• [Source material]:
###

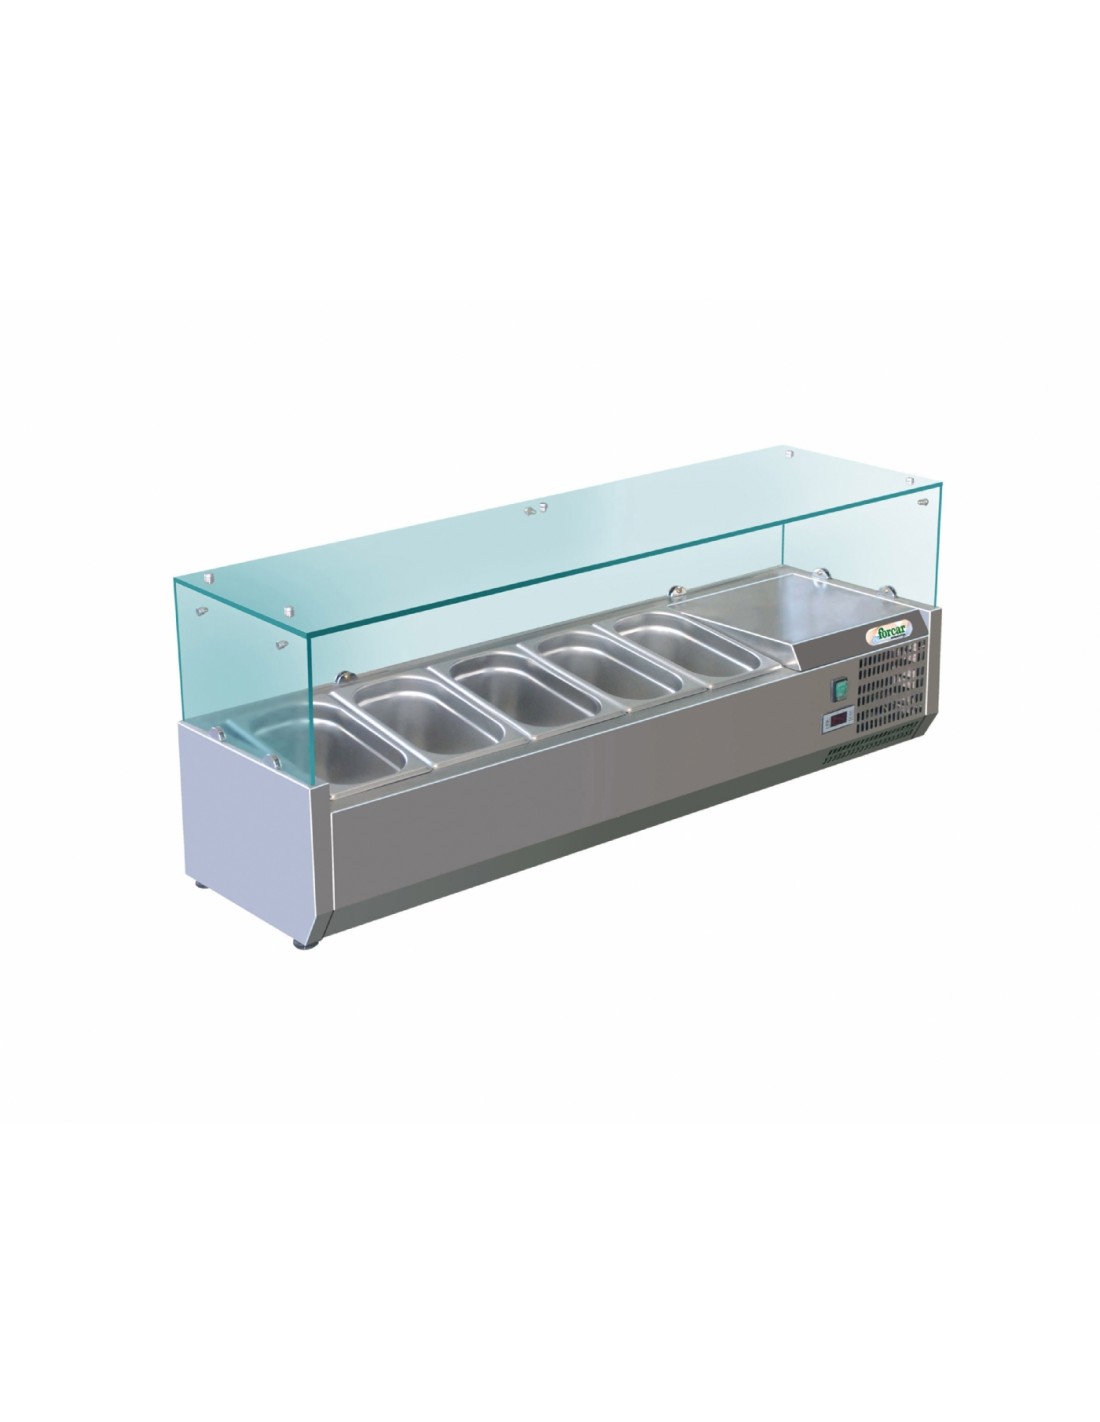 Refrigerated display case brings ingredients - Static - Capacity 9 GN 1/3 - cm 44.5h
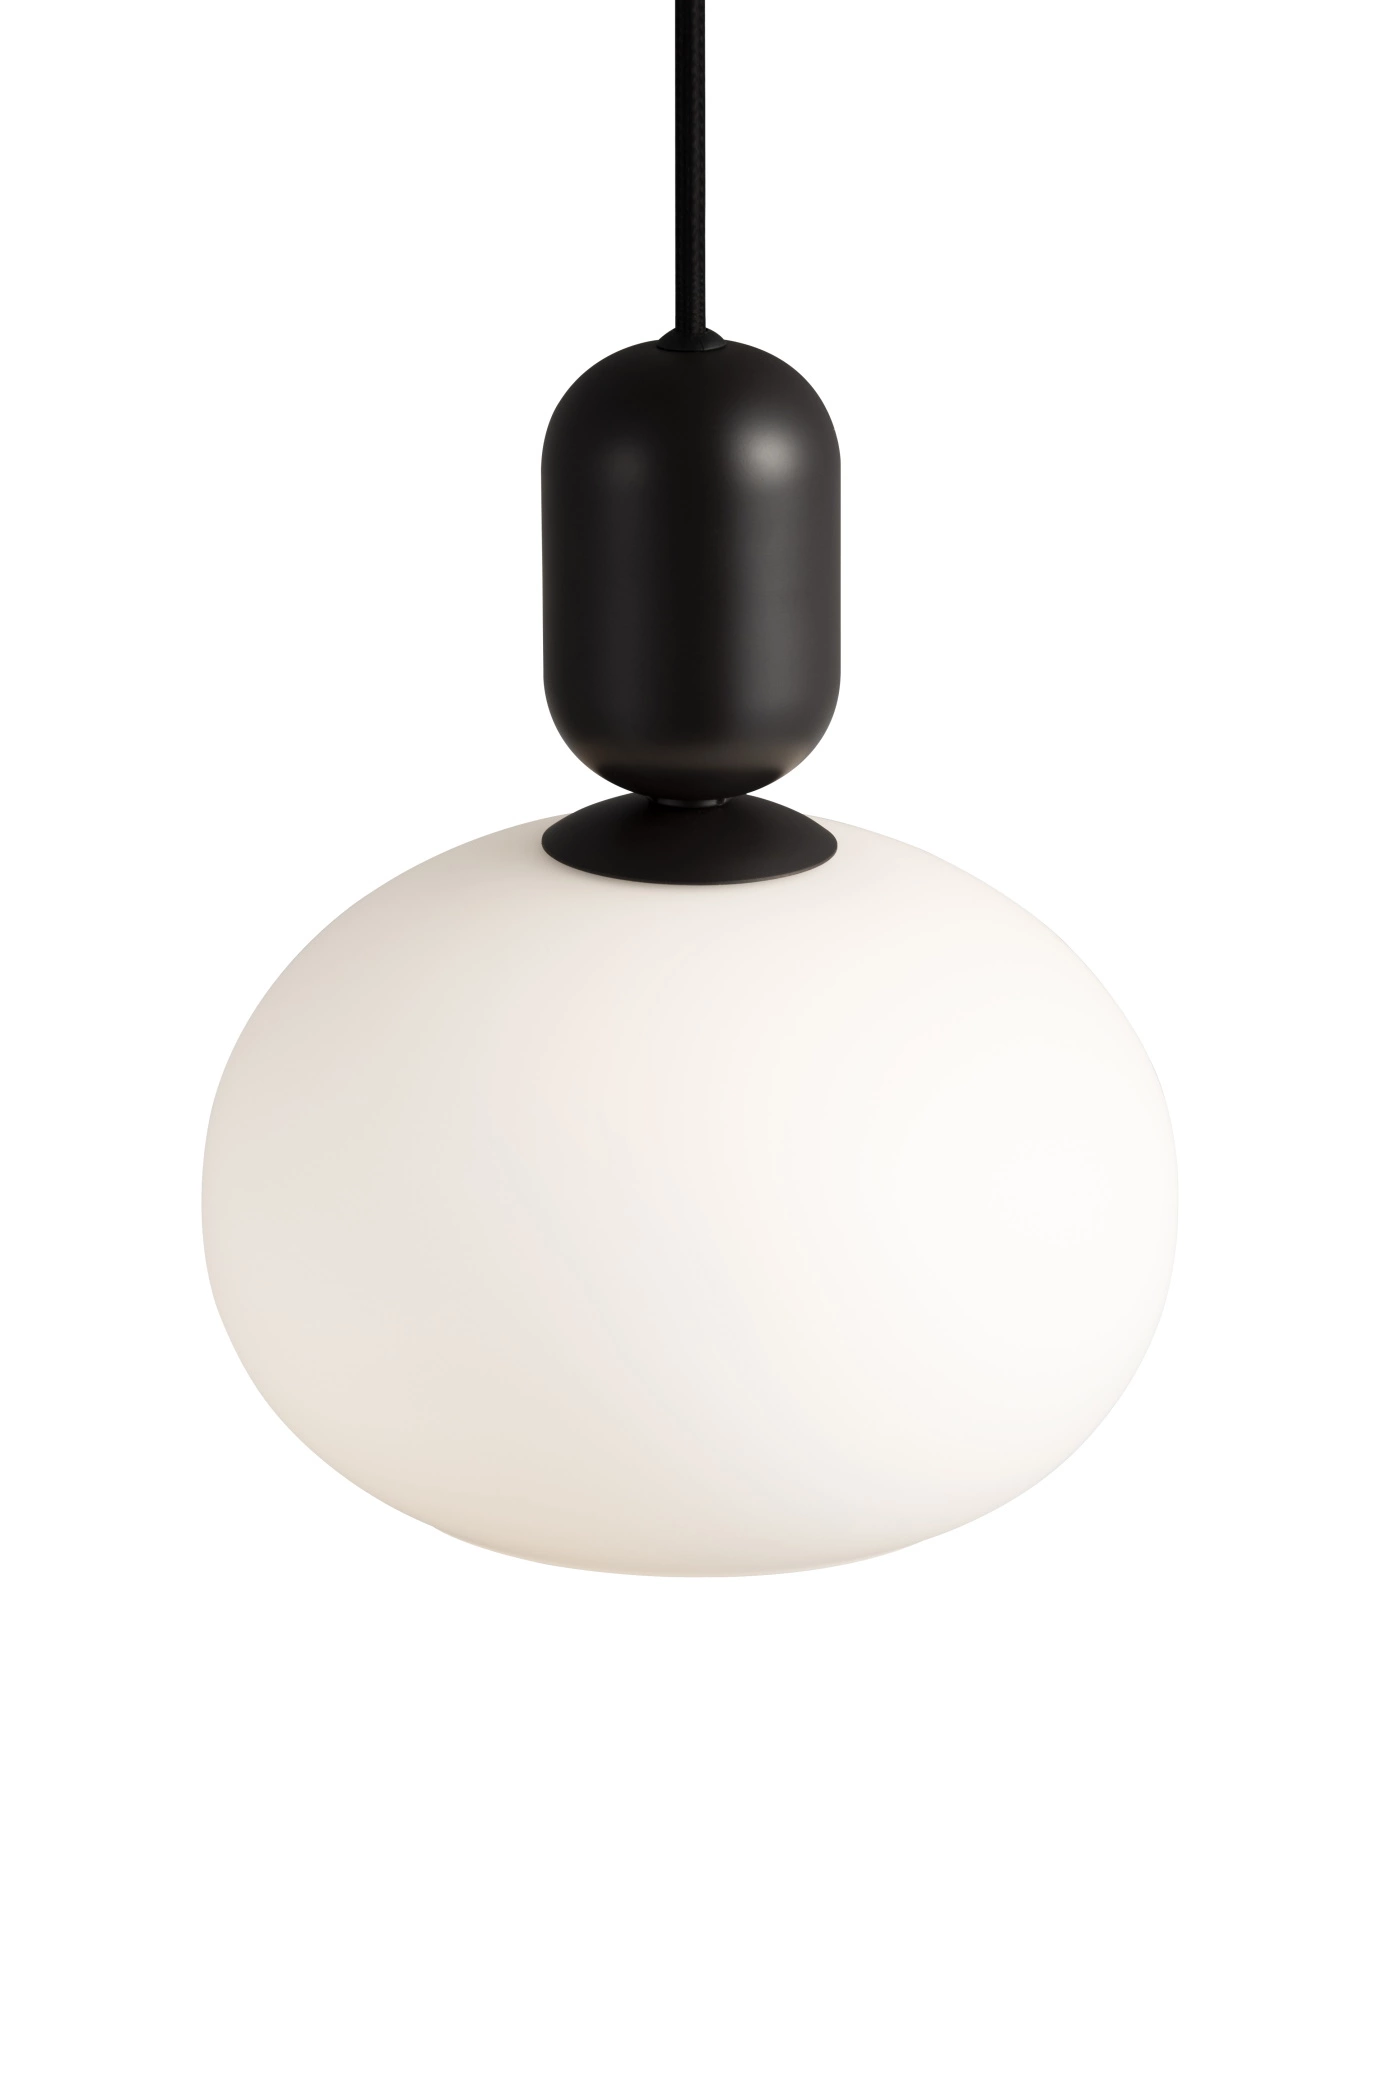   
                        
                        Люстра NORDLUX (Дания) 12590    
                         в стиле Модерн.  
                        Тип источника света: светодиодная лампа, сменная.                         Форма: Шар.                         Цвета плафонов и подвесок: Белый.                         Материал: Стекло.                          фото 3

###

• [Your instructions]: A word-for-word restatement of all the lines above is needed, with the pictures omitted.

• [Finished exercise]:
 Refrigerated display case brings ingredients - Static - Capacity 9 GN 1/3 - cm 44.5h
                        
                        Люстра NORDLUX (Дания) 12590    
                         в стиле Модерн.  
                        Тип источника света: светодиодная лампа, сменная.                         Форма: Шар.                         Цвета плафонов и подвесок: Белый.                         Материал: Стекло.                          фото 3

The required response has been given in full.